Tue Mar 24 05:49:33 EDT 2009

On Tue, Mar 24, 2009 at 6:24 AM, Sebastian Bassi
<sbassi at clubdelarazon.org> wrote:
> I have a .fasta file and its corresponding .qual file.
> I run seqclean on the fasta file and I got a shorter .fasta file as
> output (that is expected).

Whose seqclean script are you using?  If it doesn't output the trimmed
qual file, can it work with FASTQ output instead?

> Using the .cln file from seqclean, I want to "trim" the .qual file the
> same way my new fasta is trimmed.
> I can read the cln and parse the information of "where to trim".
> For example, in one original sequence of 1000 bp, I may need to trim
> from 150 to 800.
> The problem is that I can't modify qual values using the new SeqIO
> qual parser (at least the size of the list can't be modified). I read
> the example in the doc, where it is cut doing something like:
> sub_rec = fullrec[150:800]
> But, this works only when there is a sequence (so, when read it as
> "fastq"), but it doesn't work when the sequence is read as "qual"
> (because there is no sequence ...
> So my question is: Does it make sense to allow the user to modify the
> size of the list in letter_annotations['phred_quality'] in qual
> sequences? I think this is a nice feature for qual SeqIO.parse.

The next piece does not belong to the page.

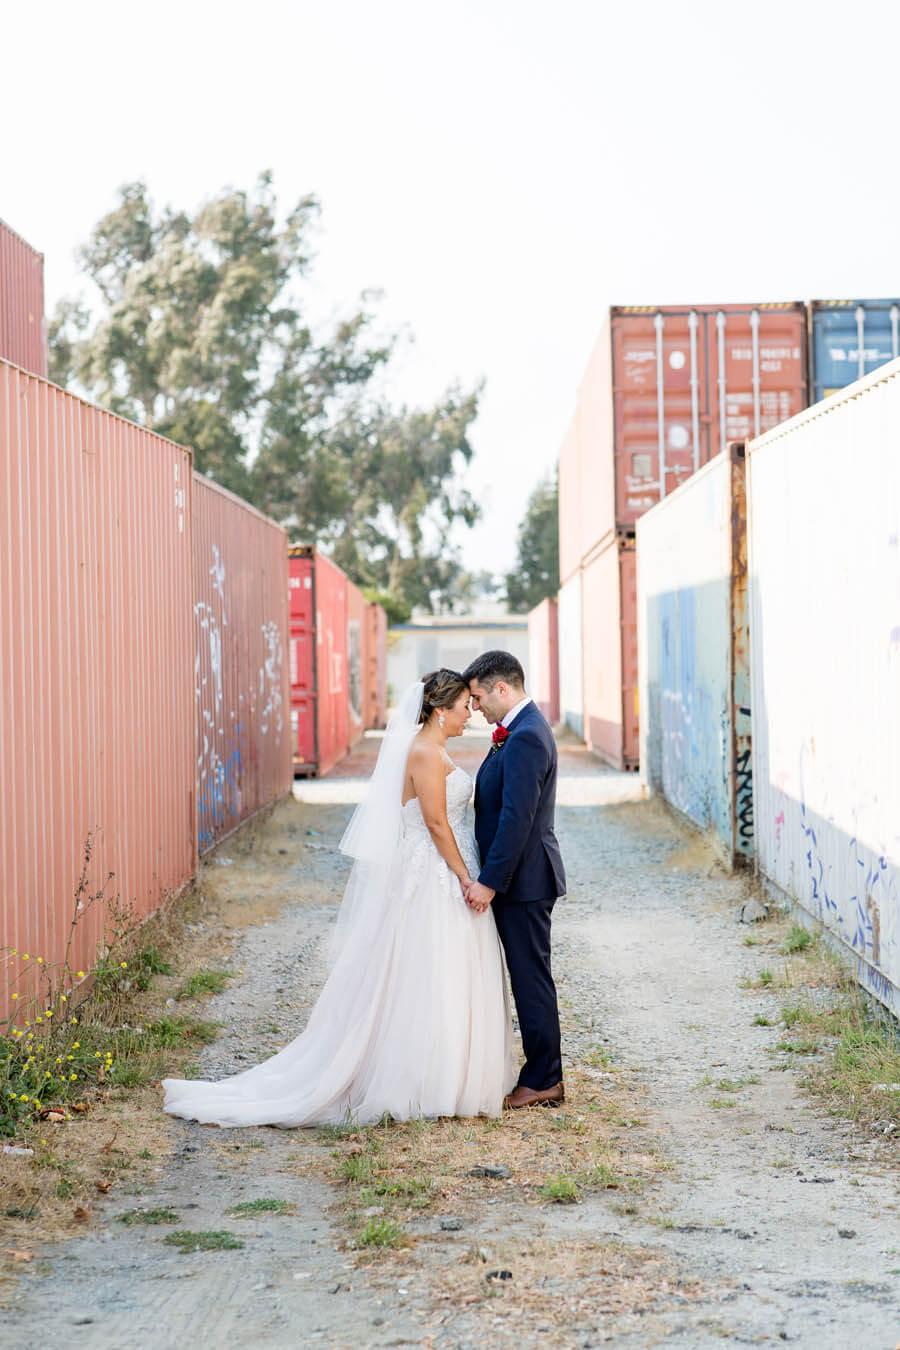 Bride and groom at Treasure Island shipyard by The Winery SF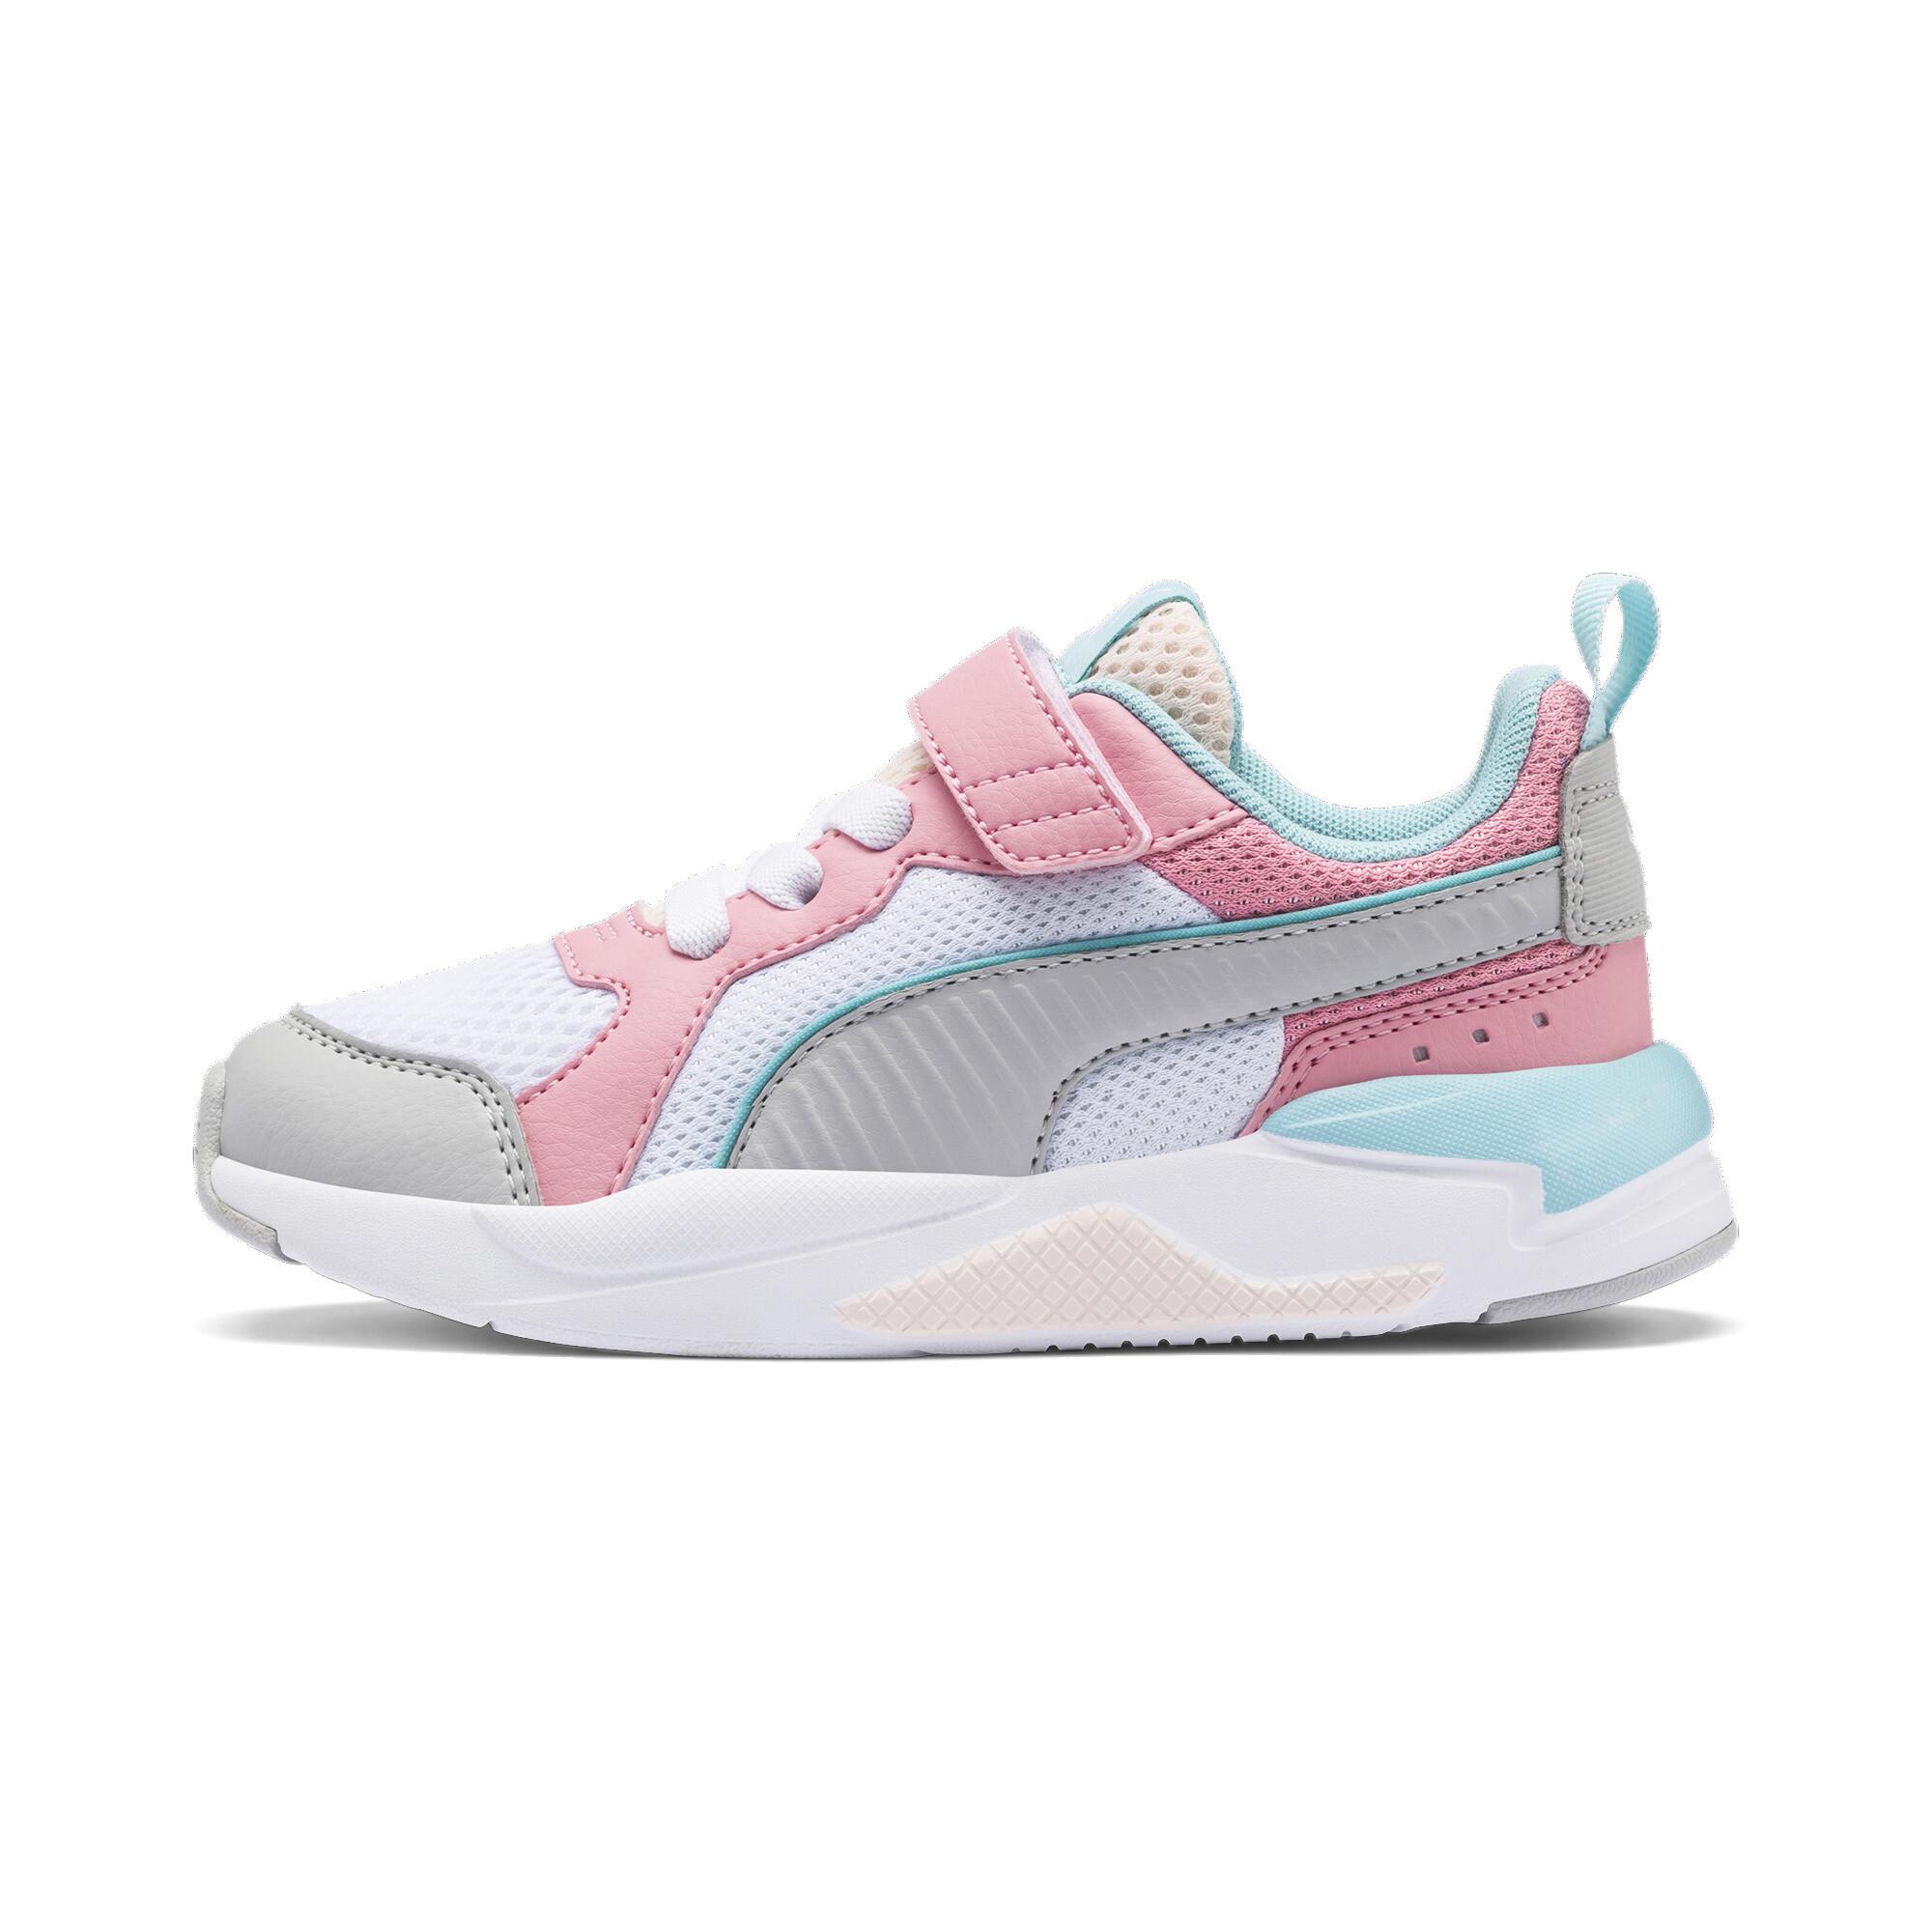 PUMA-X-RAY-Little-Kids-039-Shoes-Kids-Shoe-Kids thumbnail 4

This was one area of the new SeqRecord slicing I was a little unsure
about - slicing a qual file's SeqRecord (or any SeqRecord with a None
for the sequence).  I hadn't done anything about it immediately as I
couldn't think of a use case for it - so that's solved ;)

One solution would be to introduce an UnknownSeq object, which
would be much nicer to deal with than a None object, as it would have
a length and support slicing.  I've mentioned this idea before, but
haven't yet put forward any actual code.  This seems most elegant.

Another option would be to special case handle slicing a SeqRecord
with a None sequence, where we'd slice its per-letter-annotation. For
now, you can force this with the current code by:

#Not recommend, short term hack
s.letter_annotations._length = 6
s.letter_annotations['phred_quality'] = [0,0,0,0,10,1]

Right now, without changing Biopython, I have another workaround for
you: Use the paired reader in Bio.SeqIO.QualityIO on the untrimmed
FASTA and QUAL files, which will give you SeqRecords with both the
sequence and the quality - and trim these by slicing the SeqRecord.

Peter